PCR amplification and sequencing: The DNA samples were amplified in 25μl reactions containing 1 unit of DNA Taq polymerase, 2mM of MgCl2, 0.4mM of each dNTP and 1μl of each primer, at 10pMol. Primers flanking the mitochondrial control region (D-loop) were applied: Ibex forward primer I - 5’ ACATGAATTGGAGGACAGCCAGTC-OH 3’ and Ibex reverse primer II - 5’ CTGTAATGCCCATGCCTACC-OH 3’. After 5 minutes of initial denaturation at 92 °C, 35 cycles were run with the following parameters: denaturation at 92 °C for 1min, annealing at 50 °C for 45 seconds, extension at 70 °C for 1minute and a final extension at 70 °C for 3 minutes. 24 out of the 28 DNA samples amplified successfully (Table 1). The amplification product was verified on 1% Agarose gels stained with Ethidium bromide observed under UV light. The fragment was excised from the gel, solubilized in sodium iodide solution then bound to (silica) column in the gene clean procedure. Bound DNA was eluted in 30μl nuclease-free ddH2O.

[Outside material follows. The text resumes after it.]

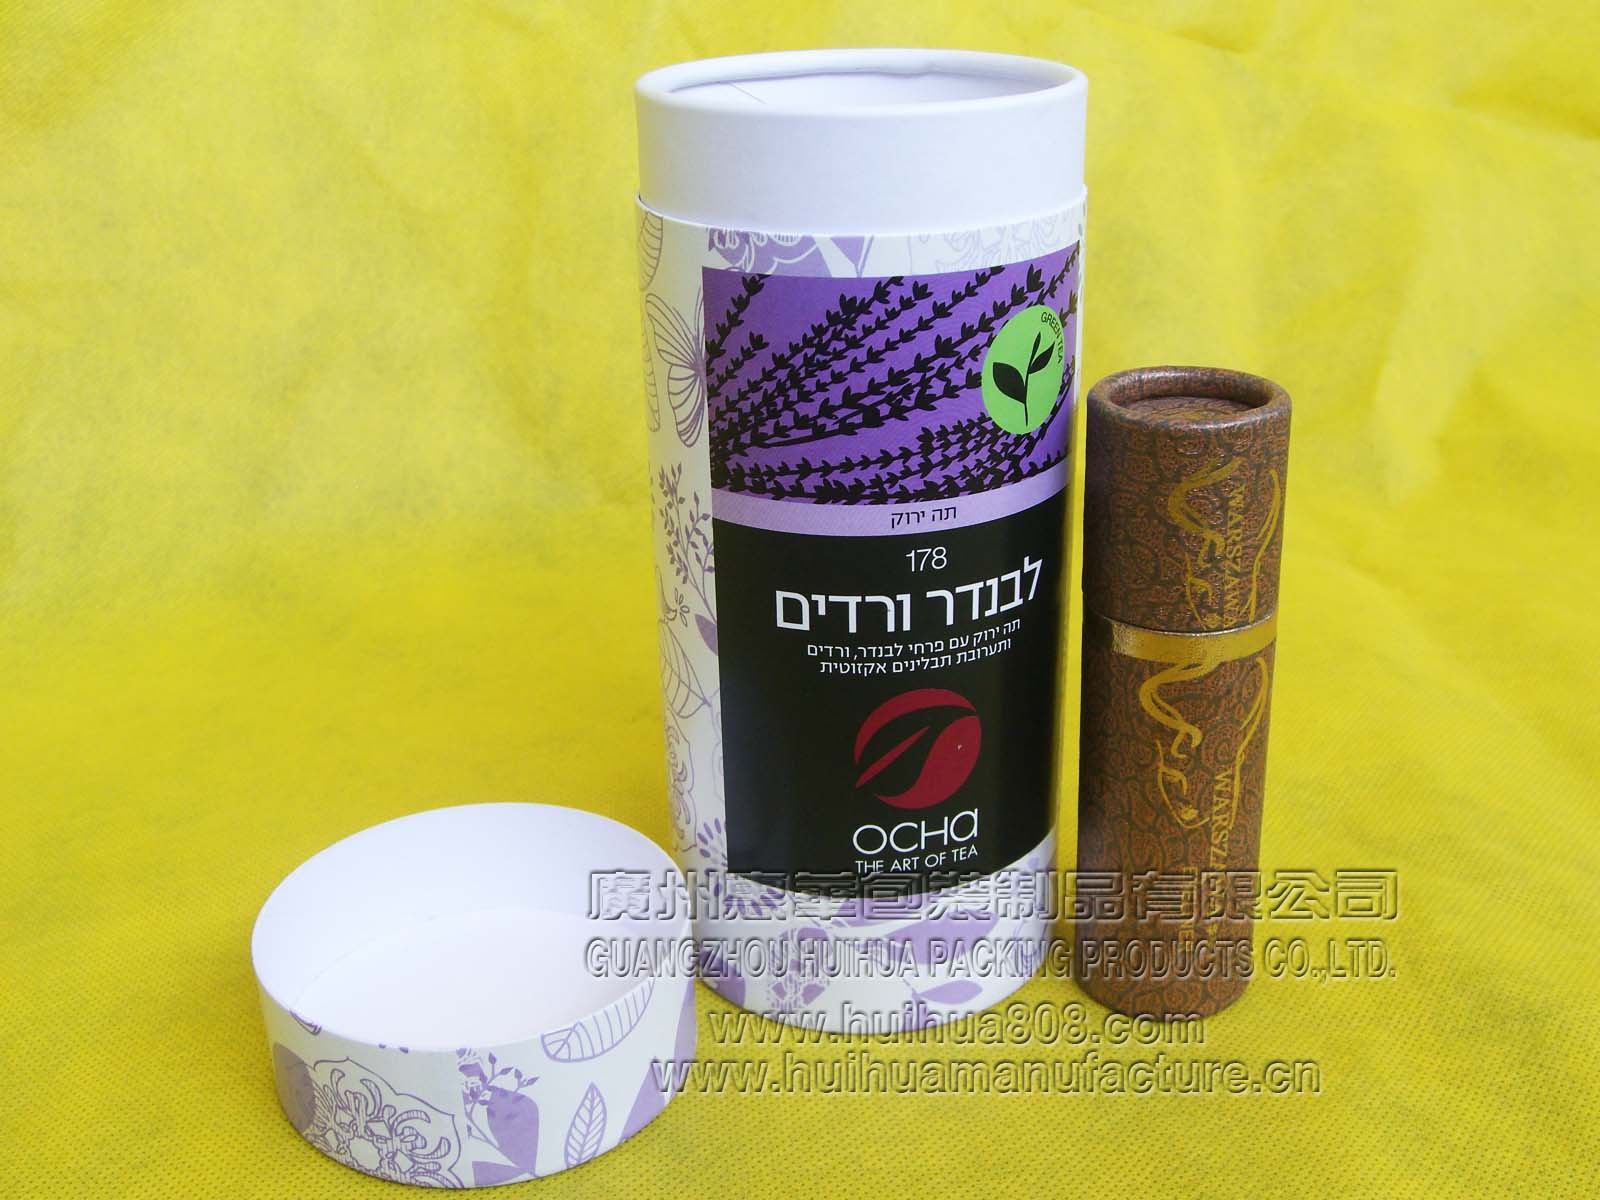 Supply high quality composite paper cans

Gene cleaned DNA was sequenced at Macrogen Inc., Denmark using Sanger di-deoxy sequencing method. Each analyzed sample was independently sequenced three times and the raw sequences selected for non-ambiguous consensus. The consensus sequences were deposited in the NCBI nucleotide database (GenBank Accession ID: MF101245 – MF101258). Previous data for Galla goats found in Garissa and Isiolo counties were downloaded from the Genbank [15].
Phylogenetic analysis
DNA sequences were aligned by Clustal-W program in Bioedit (version 7.05) and saved as a fasta file in MEGA 7 program [16]. The phylogenetic tree was constructed from the aligned nucleotide sequences and the relationships inferred by the neighbour-joining method [17], at bootstrap 1000 replicates [18]. Haplotype diversity, nucleotide diversity, gene flow and genetic differentiation for the goat populations were analysed using the DnaSP program version 5.01 [19]. Gene flow estimates were computed using the sequence data following method by Hudson et al. [20]. Haplotype network analysis was also constructed using the Median-joining method in PopART program [21]. Molecular clock analysis of present day phylogeographic goat breed clusters in relationship to the ancestral wild goats was conducted using Rel Time method [22], as implemented in MEGA 6 [23].
Results
PCR amplification
PCR amplification of mitochondrial D-loop invariably gave a product size of approximately 800bp (Figure 2) in all samples representative of indigenous Maasai goats from Narok and Kajiado counties of Kenya. The products were gene cleaned and submitted for custom sequencing.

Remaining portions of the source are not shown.